Aim for an exact copy of the listing, without any images.

» Information shown
^^^^^^^^

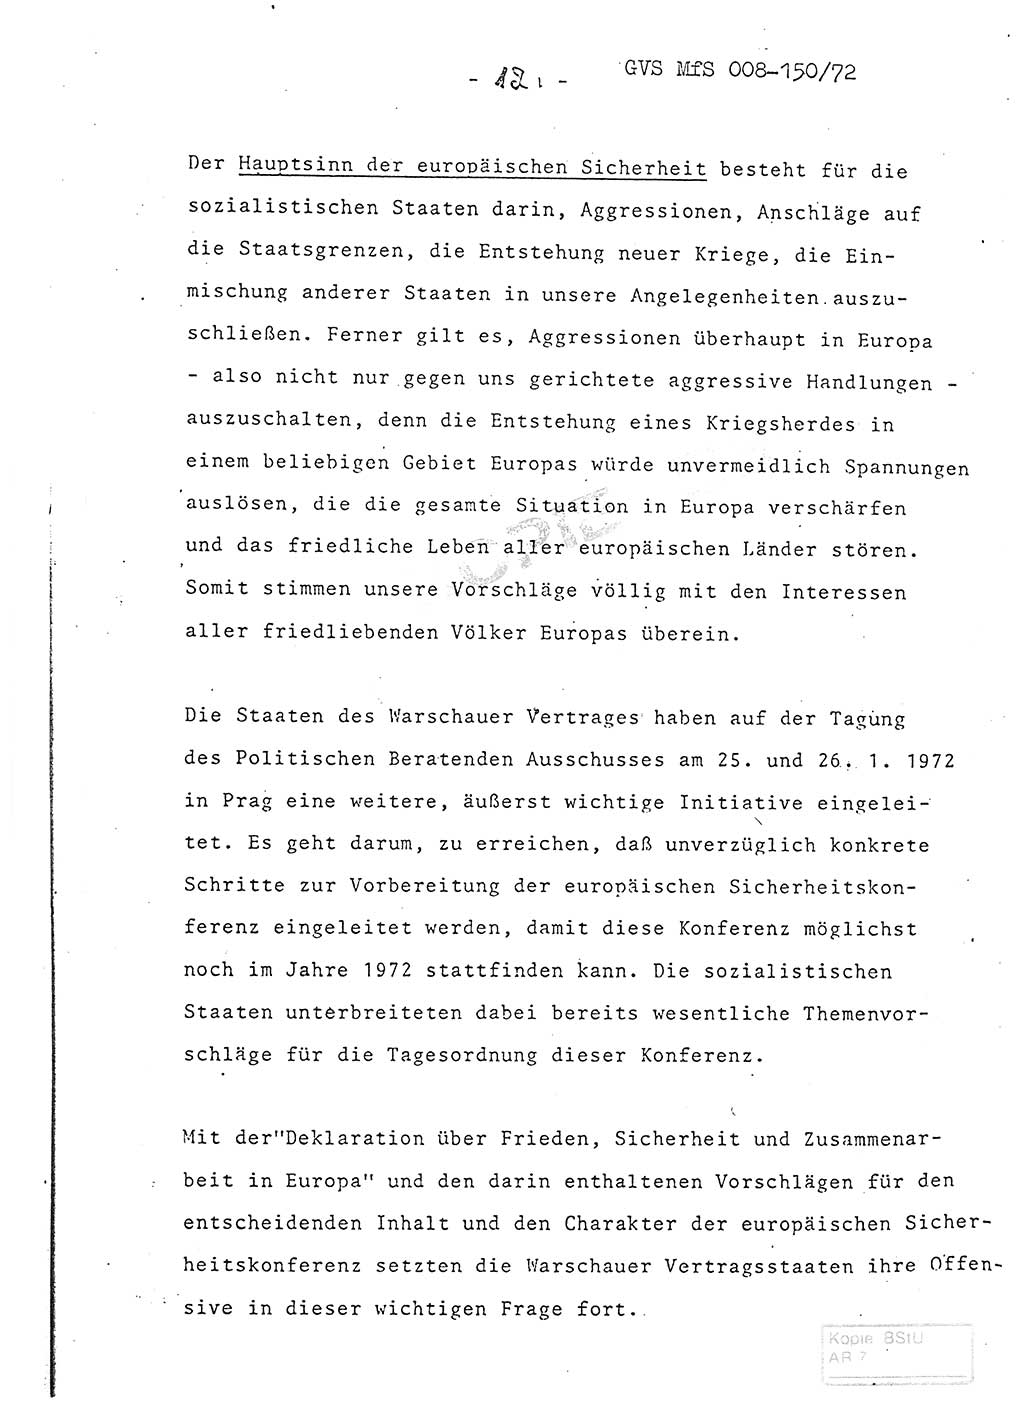 Referat (Entwurf) des Genossen Minister (Generaloberst Erich Mielke) auf der Dienstkonferenz 1972, Ministerium für Staatssicherheit (MfS) [Deutsche Demokratische Republik (DDR)], Der Minister, Geheime Verschlußsache (GVS) 008-150/72, Berlin 25.2.1972, Seite 12 (Ref. Entw. DK MfS DDR Min. GVS 008-150/72 1972, S. 12)
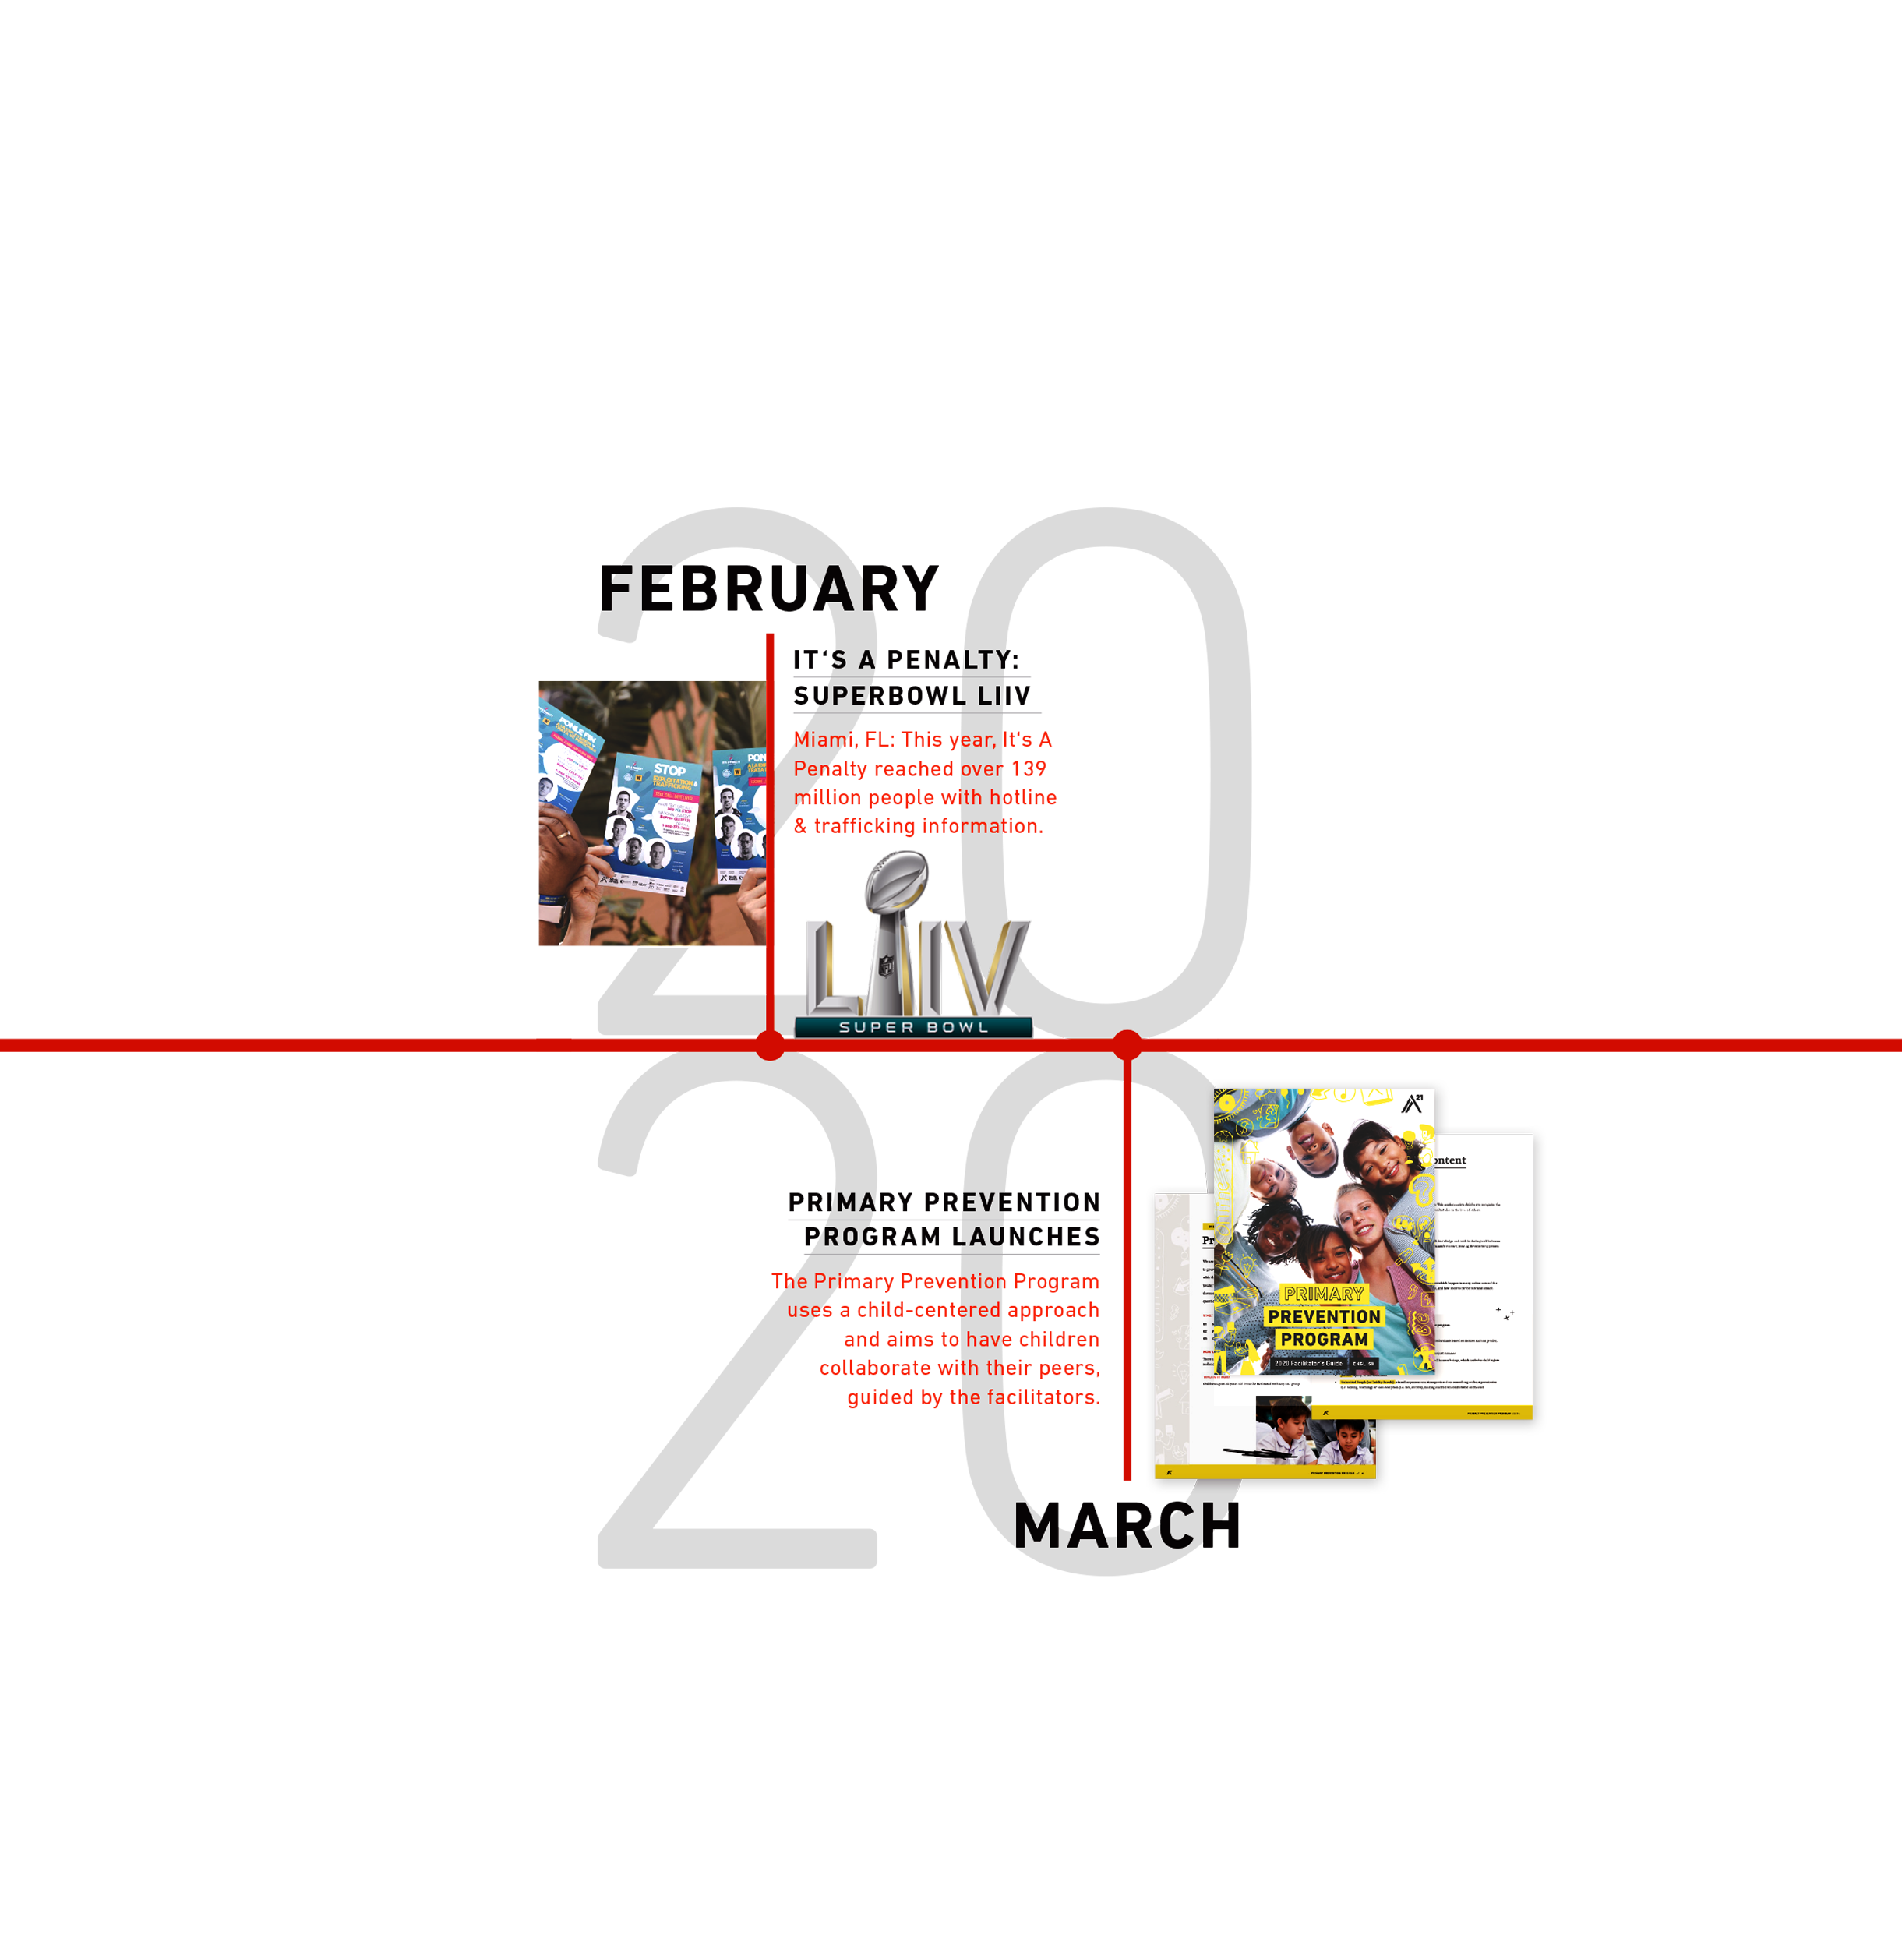 2020 A21 timeline
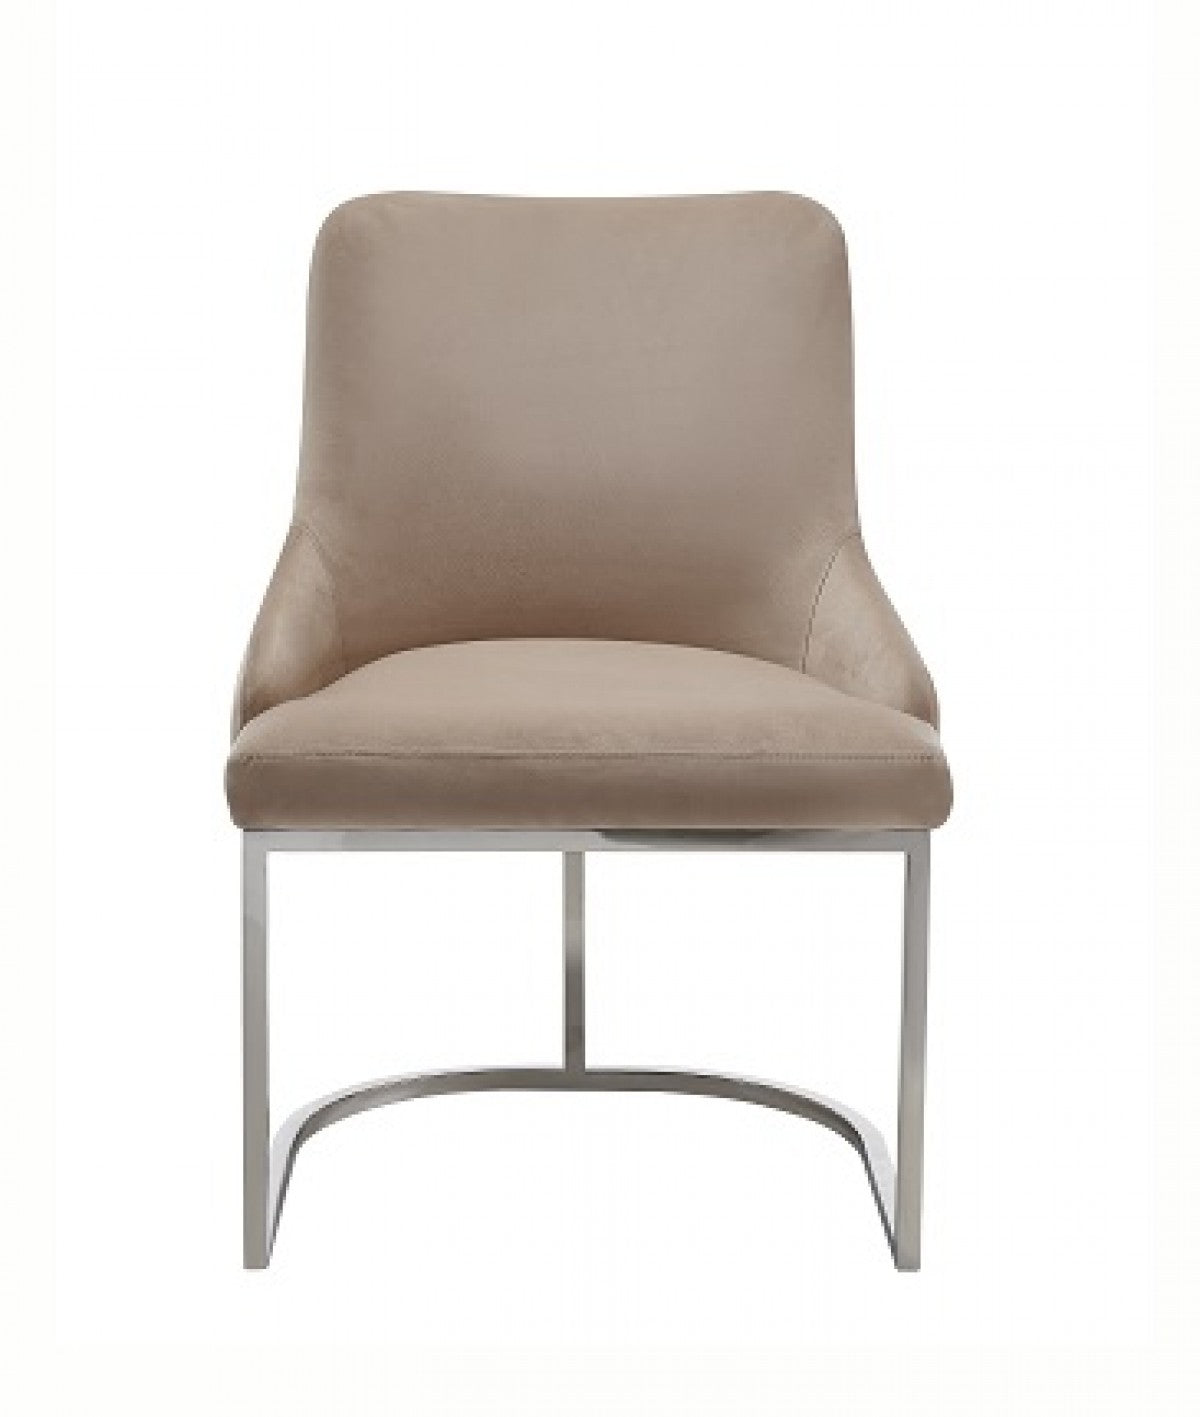 Modrest Daria - Modern Beige Velvet and Stainless Steel Dining Chair Set of 2

^^^^^^^^

» Reply to the task
 Referat (Entwurf) des Genossen Minister (Generaloberst Erich Mielke) auf der Dienstkonferenz 1972, Ministerium für Staatssicherheit (MfS) [Deutsche Demokratische Republik (DDR)], Der Minister, Geheime Verschlußsache (GVS) 008-150/72, Berlin 25.2.1972, Seite 12 (Ref. Entw. DK MfS DDR Min. GVS 008-150/72 1972, S. 12)
 2020 A21 timeline
 Modrest Daria - Modern Beige Velvet and Stainless Steel Dining Chair Set of 2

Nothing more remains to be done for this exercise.